After Thutmose III had taken control of the Syrian cities, the obvious target for his eighth campaign was the state of Mitanni, a Hurrian country with an Indo-Aryan ruling class. However, to reach Mitanni, he had to cross the Euphrates River. He sailed directly to Byblosand made boats which he took with him over land on what appeared to be just another tour of Syria otherwise. The pharaoh proceeded with the usual raiding and pillaging as he moved north through the lands he had already taken. Thutmose III continued north through the territory belonging to the still unconquered cities of Aleppo and Carchemish. He quickly crossed the Euphrates in his boats, taking the Mitannian king entirely by surprise. Mitanni was not expecting an invasion, so they had no army ready to defend against Thutmose. However, their ships on the Euphrates did try to protect against the Egyptian crossing. Thutmose III then went freely from city to city and pillaged them while the nobles hid in caves, or at least this is the typically propagandistic way Egyptian records chose to record it. During this period of no opposition, Thutmose put up a second stele commemorating his crossing of the Euphrates next to the stele his grandfather, Thutmose I, had put up several decades earlier. A militia was raised to fight the invaders, but it fared poorly. Thutmose III then returned to Syria by way of Niy, where he records that he engaged in an elephant hunt. He collected tribute from foreign powers and returned to Egypt in victory.

Tours of Syria

Thutmose III returned to Syria for his ninth campaign in his 34th year, but this appears to have been just a raid of the area called Nukhashshe, a region populated by semi-nomadic people. The plunder recorded is minimal, so it was probably just a minor raid. Records from his 10th campaign indicate much more fighting. By Thutmose’s 35th year, the king of Mitanni had raised a large army and engaged the Egyptians around Aleppo. As usual for any Egyptian king, Thutmose boasted a total crushing victory, but this statement is suspect due to the minimal amount of plunder taken. Thutmose’s annals at Karnak indicate he only took a total of 10 prisoners of war. He may have fought the Mitannians to a stalemate, yet he received tribute from the Hittites after that campaign, indicating the battle’s outcome was in Thutmose’s favour.

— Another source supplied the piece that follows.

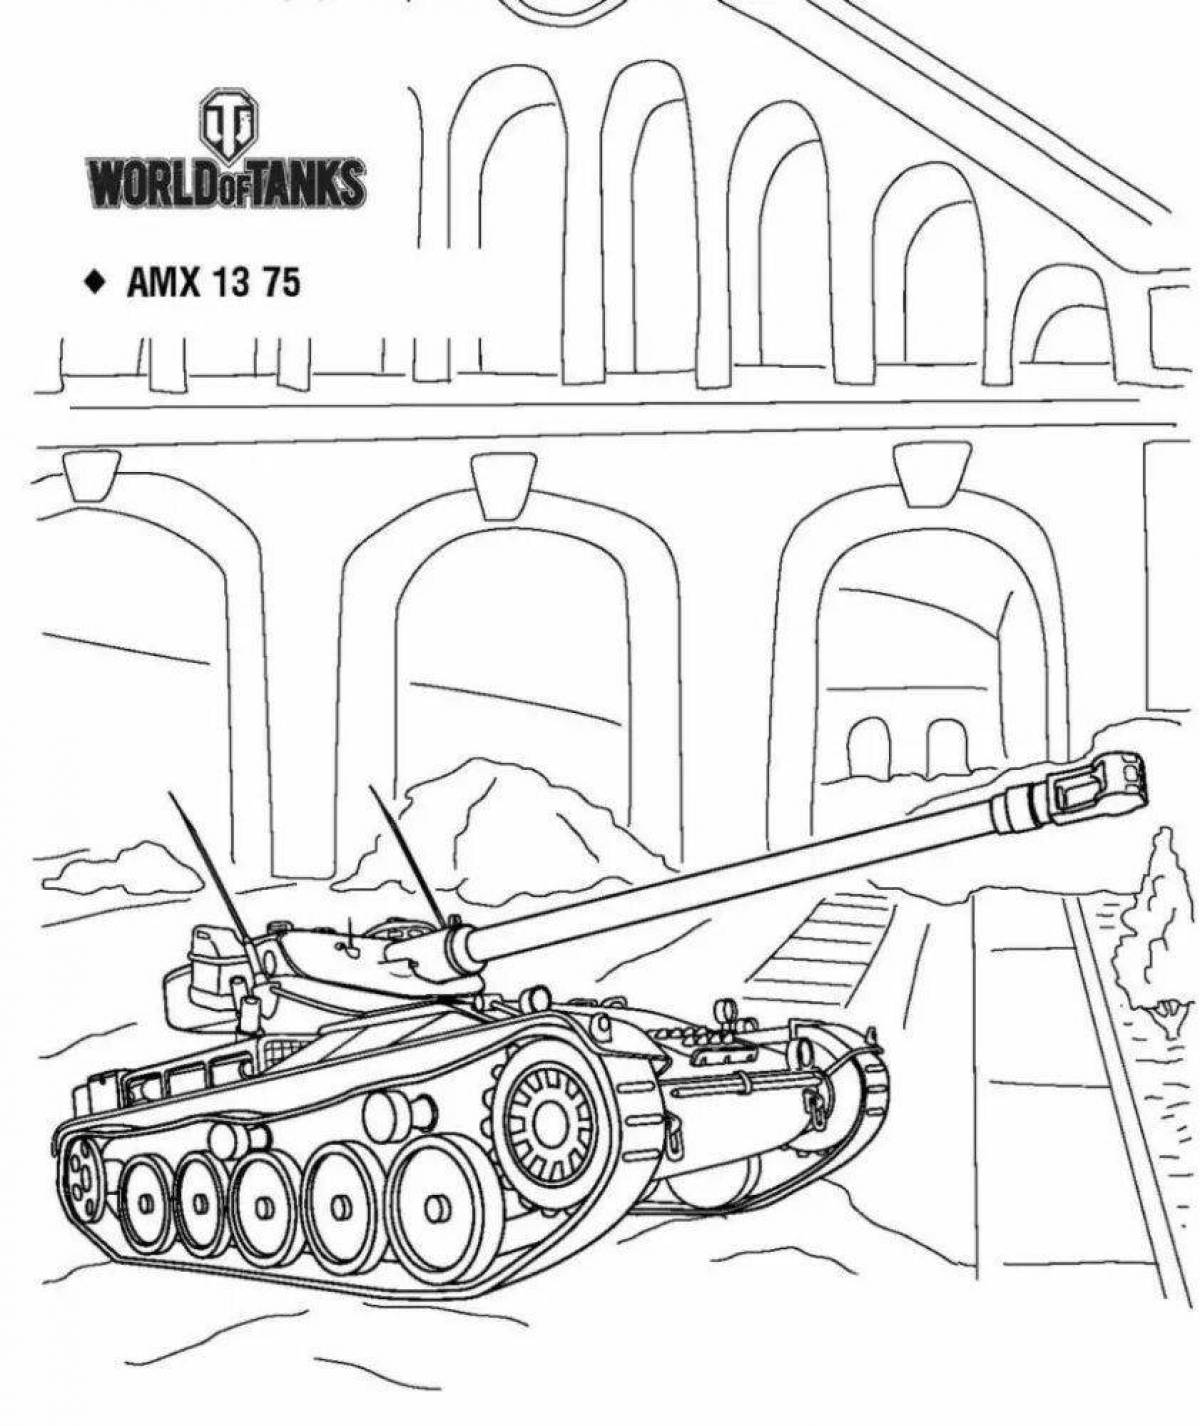 World of tanks #6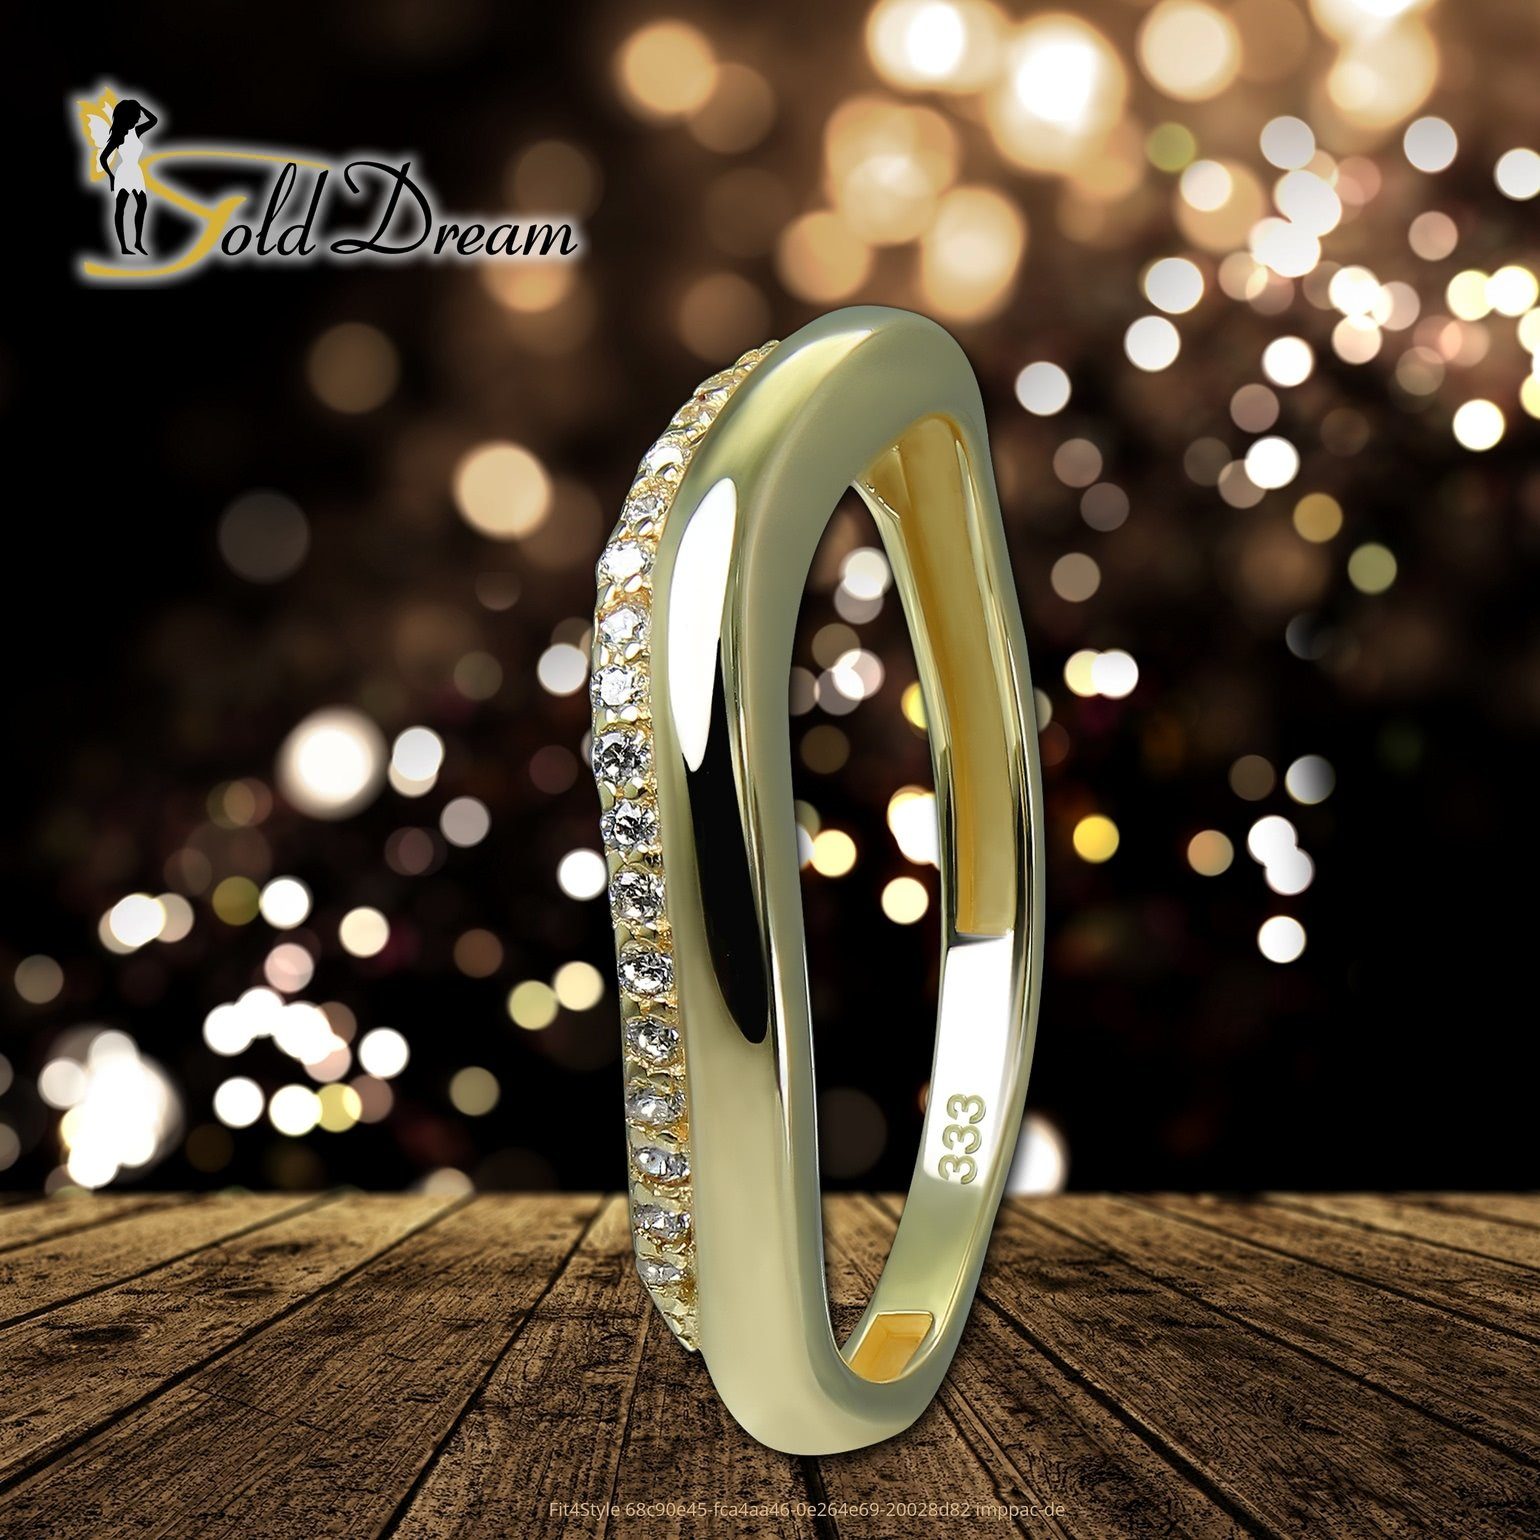 gold, - Ring Damen (Fingerring), 8 Zirkonia GoldDream Farbe: 333 Welle Karat, Welle Goldring Ring Gelbgold Gr.56 weiß Gold GoldDream

The details of his subsequent two campaigns are unknown. His 11th is presumed to have happened in his 36th regnal year, and his 12th is supposed to have occurred in his 37th year since his 13th is mentioned at Karnak as happening in his 38th regnal year. Part of the tribute list for his 12th campaign remains immediately before his 13th begins. The contents recorded, specifically wild game and certain minerals of uncertain identification, might indicate that it took place on the steppe around Nukhashshe, but this remains mere speculation.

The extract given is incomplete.